We will have to get used to it. The fundamental structural changes that the global economy is going through outline the scenario of high interest rates over the long term. As a defender of a 2% inflation target, the Bank of Canada will not be without being asked to review its calculations.
In the immediate term, the Bank of Canada’s monetary easing, which is still very recent, will do little or nothing to mitigate the payment shock that is hitting or awaiting households. Last May, in its 2024-2025 Financial Risks Report, the Office of the Superintendent of Financial Institutions indicated that of the total mortgages outstanding at that date, 76% would be up for renewal by the end of 2026. “Homeowners in Canada who renew their mortgages during this period could experience a payment shock, which will be more severe for those who took out their mortgages when interest rates were lower, between 2020 and 2022.” Higher-leveraged households who took out variable-rate mortgages with fixed payments—the famous five-year variable—will likely feel this shock more intensely. Especially since many of them find themselves in the so-called negative depreciation zone.
In a blog, the Financial Post noted, for its part, the forecasts of the analysis firm Oxford Economics that, despite the drop in interest rates in the second half of the year, mortgage payments will increase, on average, by another 6% by the end of 2024. By the end of 2027, they will be up 18%. According to Oxford, “the weight of the mortgage payment on disposable income is expected to peak at 9.3% around mid-2025 – the highest level since 1990 – before beginning to decline.”
Overall, the monetary austerity felt after the pandemic has fueled a significant increase in the household debt service ratio, which is one of the highest in so-called advanced economies. This pressure is all the more palpable given that Canadian households are among the most indebted in the world, Desjardins Group economists have already pointed out.
The era of high rates
In the longer term, the era of low interest rates, which gained momentum in the wake of the 2008 financial crisis, may be a thing of the past. In addition to tensions on international shipping routes and the impact of extreme weather on food prices, structural factors are currently outlining a change in trajectory, or even a reversal of forces, calling for long-term rates to anchor themselves at levels that were previously considered “normal”. A decline in global savings and a decline in globalization under the expansion of geopolitical tensions will modulate this balancing act between supply and demand, between savings and investment, influencing the level of interest rates.

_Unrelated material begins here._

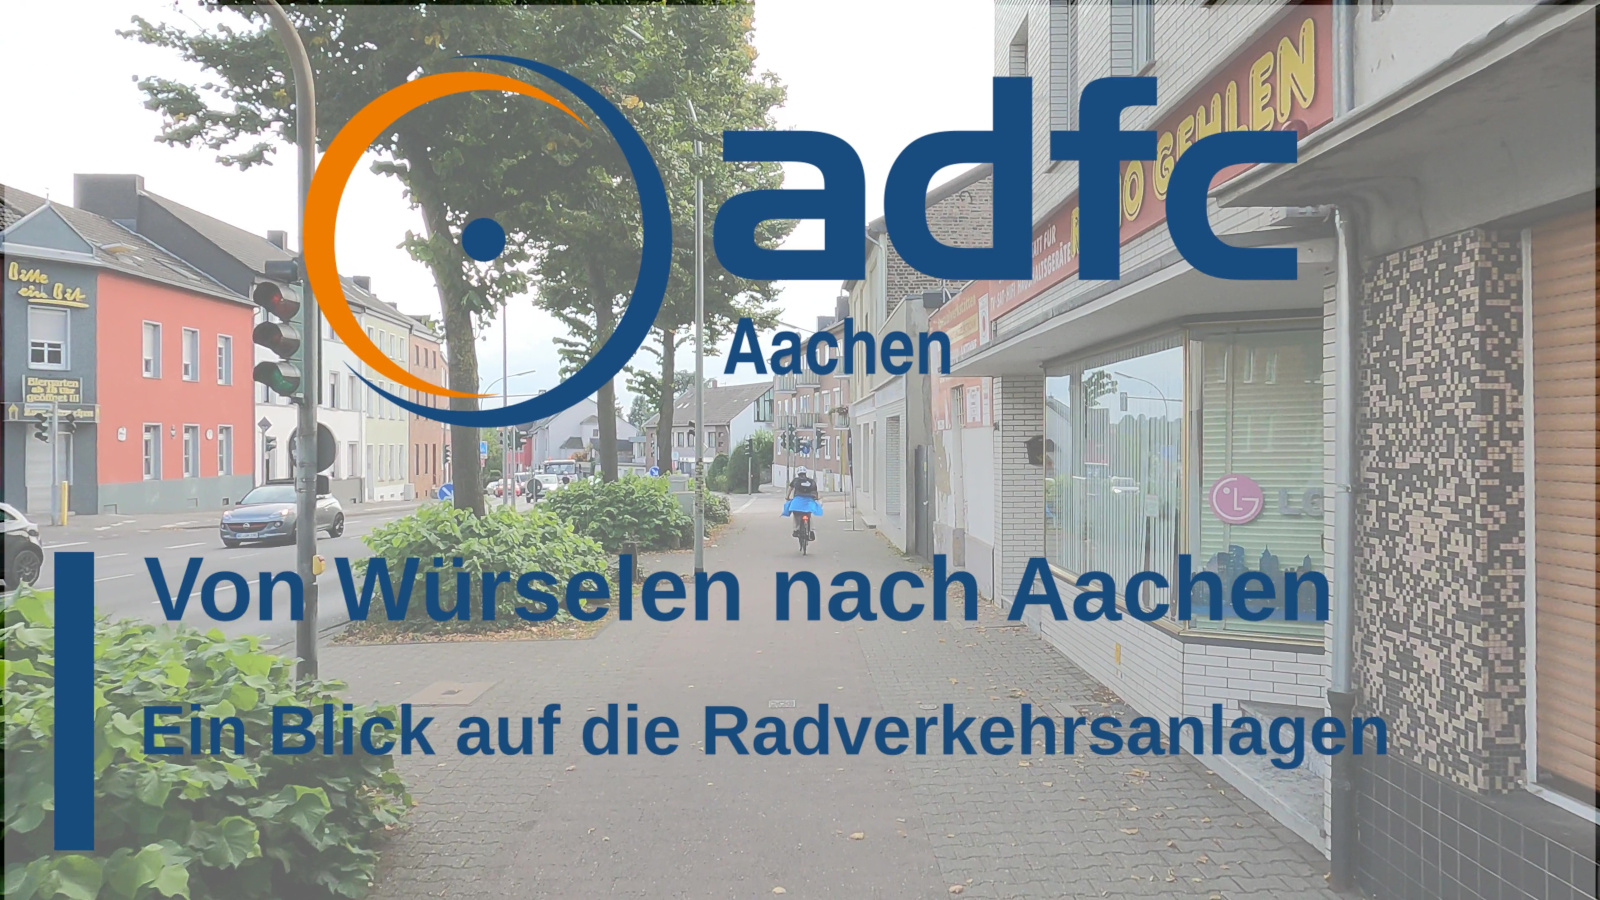 Bild: Neues Video zu den Radverkehrsanlagen zwischen Würselen und Aachen

“There will be no shortage of projects in the coming decades. Building more housing, making the energy transition, adapting to climate change and dealing with an aging population and international uncertainties are all elements that will require our economies to be able to adapt, and certainly require colossal investments. This will put pressure on interest rates and government budgets,” summarizes Desjardins in its “A Look at the Long-Term Issues Already Perceptible.”

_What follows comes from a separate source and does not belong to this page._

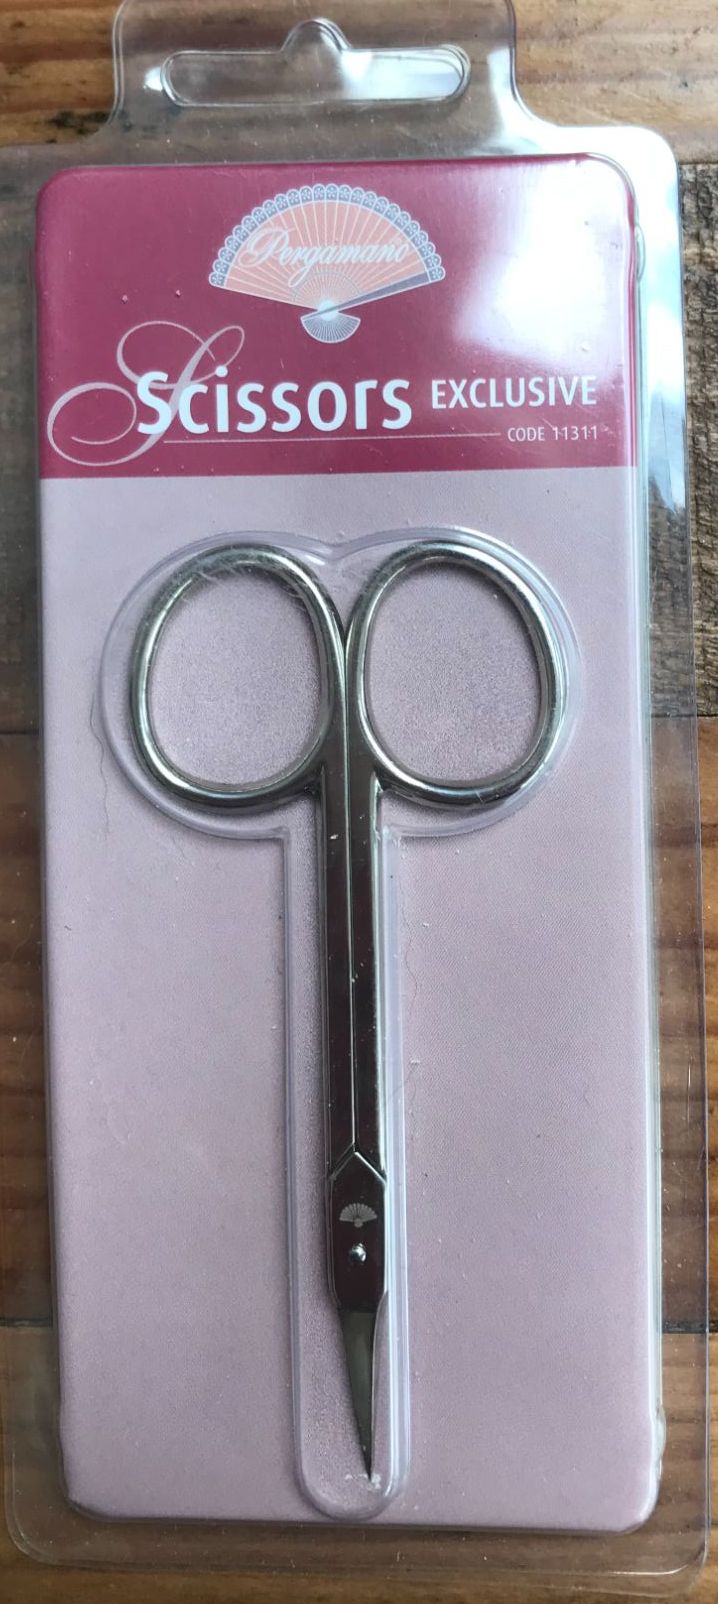 11311 Parchment Scissors Exclusive

It has already been written that central bank models indicate, for the moment, that the so-called neutral equilibrium rate—defined as the rate consistent with output sustainably remaining at its potential level and an inflation rate remaining at target—remains close to its pre-pandemic values. In Canada, this rate, which is also defined as the dividing line between expansionary and contractionary monetary policy, is currently between 2 and 3% in nominal terms.
In this emerging economic environment, the scenario of an increase in this equilibrium interest rate becomes more likely. In fact, it is generally accepted that it is unlikely that the real neutral rate will fall below the values estimated before the pandemic; on the contrary, there is a strong probability that it will increase. All this is in line with analysts’ observations that the forces that kept long-term rates on a downward trend during the 25 years preceding the pandemic are in the process of reversing.
And the inflation target?
In this perspective of an increase in the so-called neutral rate, one can very well imagine that the inflation target of 2% in the middle of the 1% to 3% interval retained by the Bank of Canada will have to be reviewed and moved upwards. All of this must be placed in a context of rebuilding supply chains and what is called geoeconomic fragmentation.
National Bank analyst Angelo Katsoras cites China’s deteriorating relations with the United States and Western countries as having intensified efforts to restructure global supply chains. This reconfiguration for geopolitical reasons, rather than for greater efficiency, means smaller supply chains will be created in higher-cost regions, he writes.
For its part, the International Monetary Fund continues to express alarm at the rise of geoeconomic forces in the form of the emergence of large blocs of influence and the polarization of globalization. The institution cites the example of Russia’s invasion of Ukraine in 2022, which caused a fragmentation of the main commodity markets. More pronounced geoeconomic fragmentation could be the cause of strong price variations, or even “large price gaps between blocs, particularly for minerals essential to the ecological transition and agricultural products in high demand.”